Pour ma part, j’ai voté PQ en 73 et 76. La question du vote stratégique ne se posait pas pour moi à l’époque, même si à l’époque je m’identifiais à la gauche marxiste. J’avais trop en tête « Urgence de choisir » du regretté Pierre Vallières, et c’est pour cela que j’ai voté PQ. Oui, j’étais de ceux qui furent heureux de voir « le parti bourgeois nationaliste » prendre le pouvoir.
Je n’ai pas voté pour le PQ en 82, ni en 85, ni en 89. En 94, non plus : les sondages étaient favorables au PQ, et dans mon comté – Gouin -, il était assuré de la victoire. Toutes ces années, j’ai voté pour des partis groupusculaires, en fonction de mes « valeurs ».
La défaite référendaire de 1995 m’avait fichu en l’air, rien de moins. J’ai alors décidé de devenir membre du PQ, sans pourtant y militer activement. J’ai assisté à quelques assemblées, sans plus. Disons que la morosité y était fortement pour quelque chose. J’ai toujours voté PQ depuis, mais sans grande conviction. Oui, j’aurais pu voter pour l’Union des forces progressistes, l’organisation politique en qui je me reconnaissais encore un peu, mais je ne l’ai pas fait. Pourquoi? L’élection partielle dans Mercier dans les années 90 m’avait convaincu de voter « stratégique » dorénavant : la division du vote avait permis à la libérale de se faufiler et de gagner l’élection. Aussi chic fille qu’était la libérale en question – une intervenante auprès des jeunes de la rue -, il n’en restait pas moins que son parti ne représentait pas mes valeurs.

J’ai pourtant voté PQ en 2003, 2007 et 2008. Stratégiquement, bien entendu. Mais aussi pour la social-démocratie, ou du moins pour ce qu’il en restait au PQ. Il y avait aussi une volonté du PQ de poursuivre les investissements amorcés en 1999 pour revitaliser les quartiers défavorisés au-delà de la leur banale gentrification. Comme intervenant en développement social urbain, j’ai pu constater la grande différence qu’il y a entre le PLQ et le PQ. L’arrivée au pouvoir du PLQ nous a enlevé une bonne part de nos moyens, notamment en termes de fric. Et je parle ici de dizaines de millions, pas de grenailles.

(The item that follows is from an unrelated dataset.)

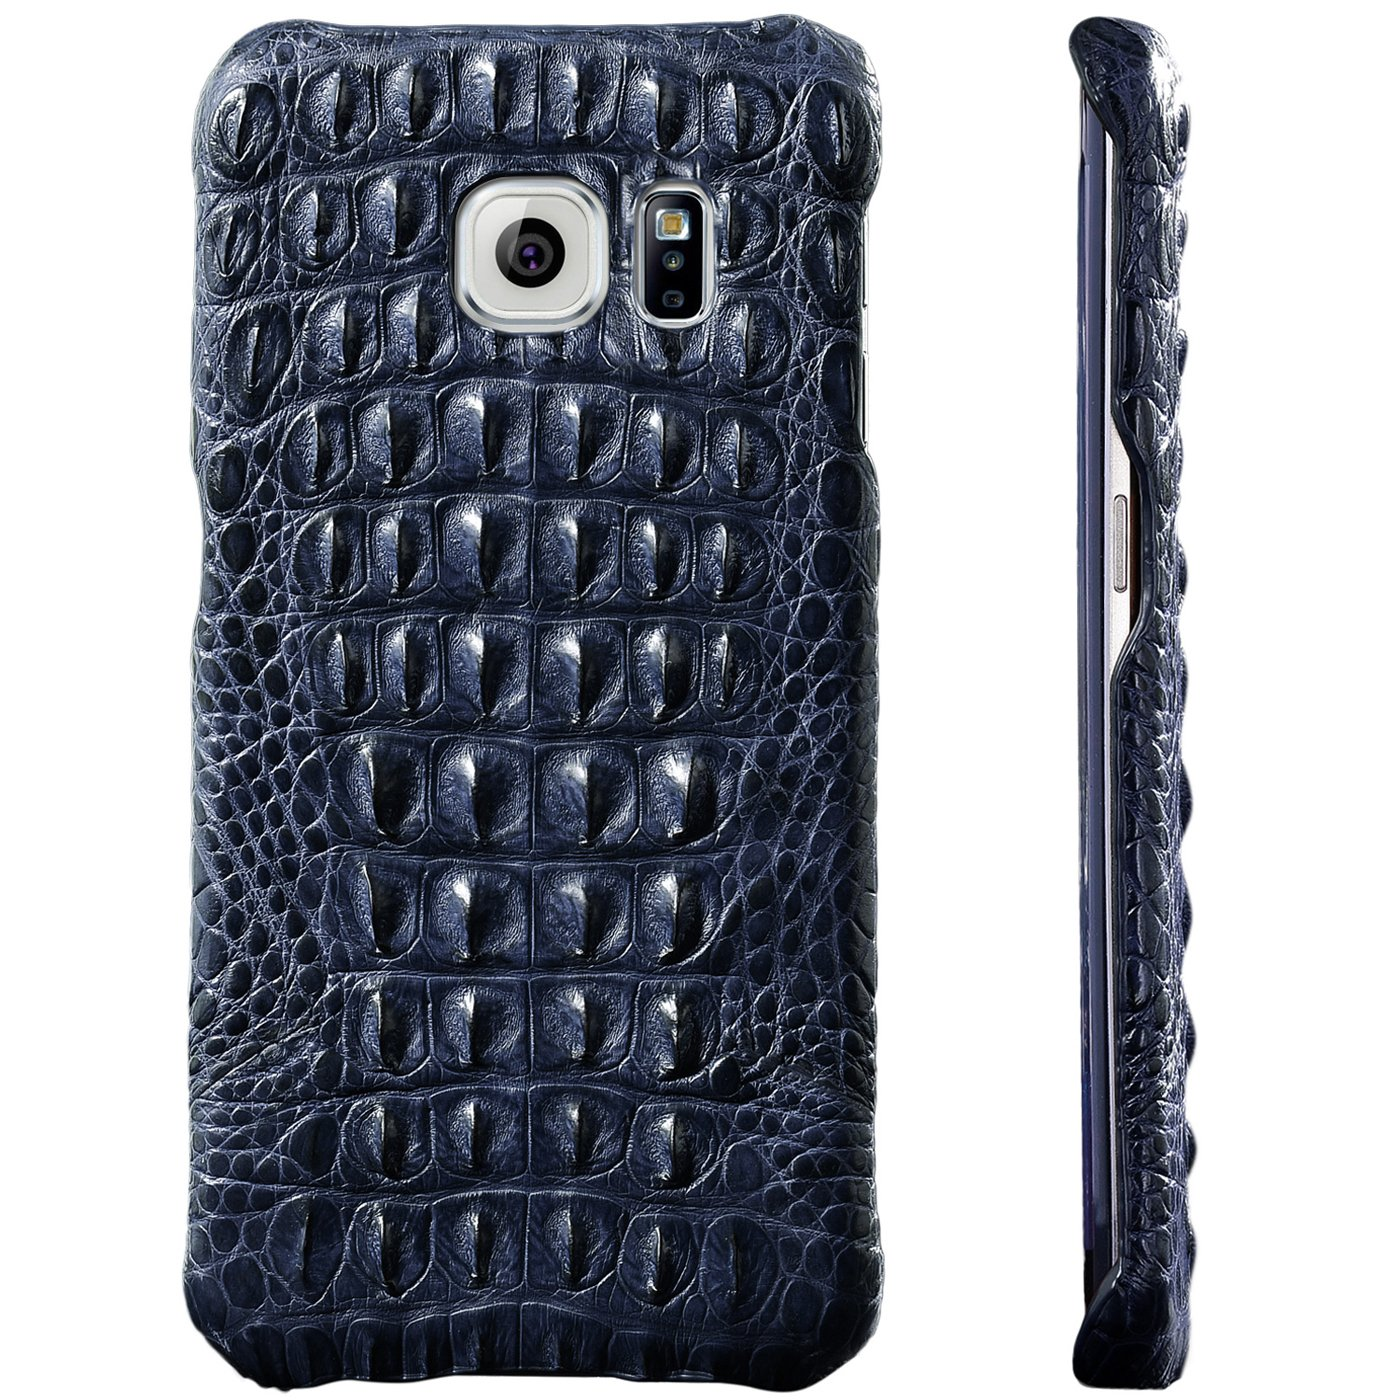 UU&T PREMIUM CROCO - 100% Handmade Alligator [Genuine][Luxury] Protective Case with Crocodile Artifact[Simple Design] for Samsung G9280/S6 Edge+ 5.7''(Back Leather) (Dark Blue)

Dans les quartiers où j’interviens, la pauvreté n’est pas un mot vide de sens. Nous faisons de notre mieux pour améliorer la qualité de vie des gens, sans en avoir vraiment les moyens. Quand je dis nous, je parle de tous ceux qui étaient et sont impliqués dans ces projets de revitalisation : des institutions, les tables de concertation, des OBNL, et bien des citoyens. Le PLQ n’a octroyé que des miettes. Oui, j’ai voté « stratégique », mais en même temps pour mes valeurs, celles que mon travail me permettait de mettre de l’avant : développer la participation citoyenne dans les quartiers défavorisés, développer des infrastructures communautaires, lutter contre l’exclusion sociale, favoriser la croissance du logement social de type coopératif, faire des parcs en milieu défavorisé des lieux plaisants pour tous. J’aurais pu voter UFP, ou par la suite pour Québec solidaire. Mais pour pouvoir mettre en œuvre mes valeurs, je souhaitais l’élection du PQ en dépit de sa décrépitude qui a suivi 1995. Je devenais tout simplement pragmatique et j’avais la conviction de ne pas me trahir moi-même, même s’il me fallait un peu me pincer le nez, comme dit le dicton.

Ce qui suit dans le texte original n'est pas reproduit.